Both of those bug me. To my mind if you’re going to group you have to compromise a little, and if that means slowing down somewhat or speeding up somewhat to match the average group pace, then that’s what you do. But if the pace just doesn’t suit you no matter how much you try to adapt — don’t group with those people.
Of course, I have the luxury of being picky. I don’t play games that require me to group, and so I only group when I want to. I don’t feel compelled to group because I don’t feel incomplete when I play solo. Some of the least flexible group players I’ve encountered are the ones who’ve had to group with goobers (of whatever kind) too many times, and I can understand their frustration. My solution is to simply avoid grouping, but that’s not always an option if you want to experience certain kinds of content.
Group woes aside, though, when you do find a good person or five to group with there’s just no denying than gaming is more fun. We’re social creatures and we like to laugh and achieve stuff (to whatever extent), and grouping in an MMO fulfils those drives on many different levels.

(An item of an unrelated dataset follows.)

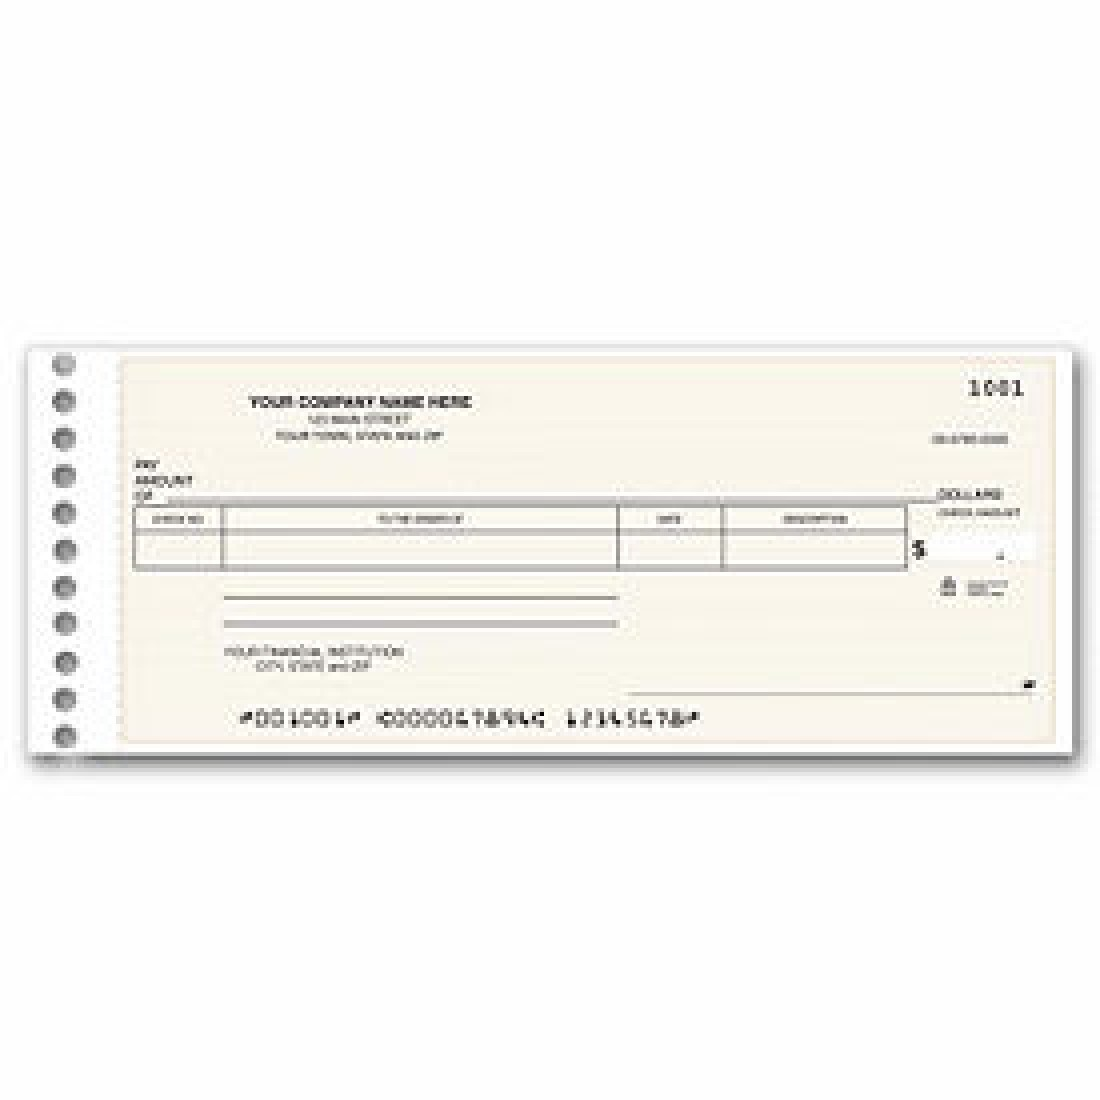 Compact General Expense Check (Item # 115011N) - One-Write Checks  - Business Checks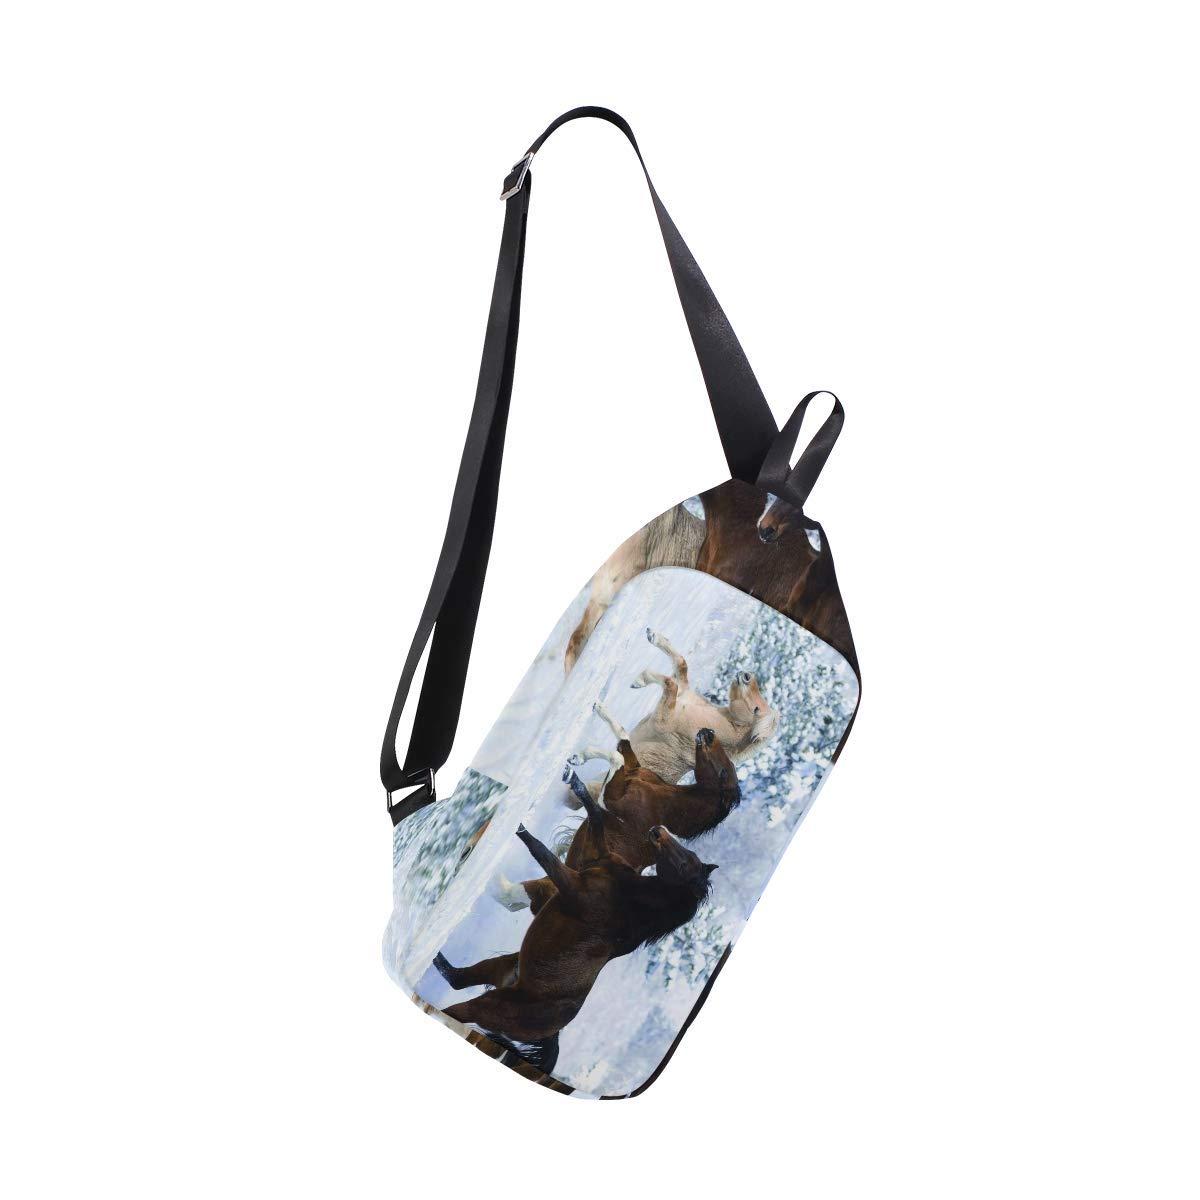 c486f32294 Get Quotations · Horse Pattern Print Chest Sling Bag Shoulder Backpack  Crossbody Daypack

I almost wish games would include playstyle-matching in their LFG interfaces. It’s not just a case of whether you’re playing a fighter or a healer — it’s also a case of whether you play slowly and carefully or whether you play like the Energizer bunny on steroids. I’d tick the “likes to stop and smell the roses” box and definitely leave the “it’s all about getting to the boss as fast as possible!” box empty.
Anyway — there’s no real point to this post other than to appreciate the people I play with. If you have a regular gaming buddy or group and your playstyles are compatible, take a moment to be grateful for that. The older and busier we get, the harder that seems to achieve.
Unrepentant altoholic LF laid-back, relatively slow, plays-odd-hours G in Guild Wars. Likes long walks on the beach and slaying monsters with plenty of coffee breaks. Slackers only please!
*Which she apparently does not have, according to the initial test, yay!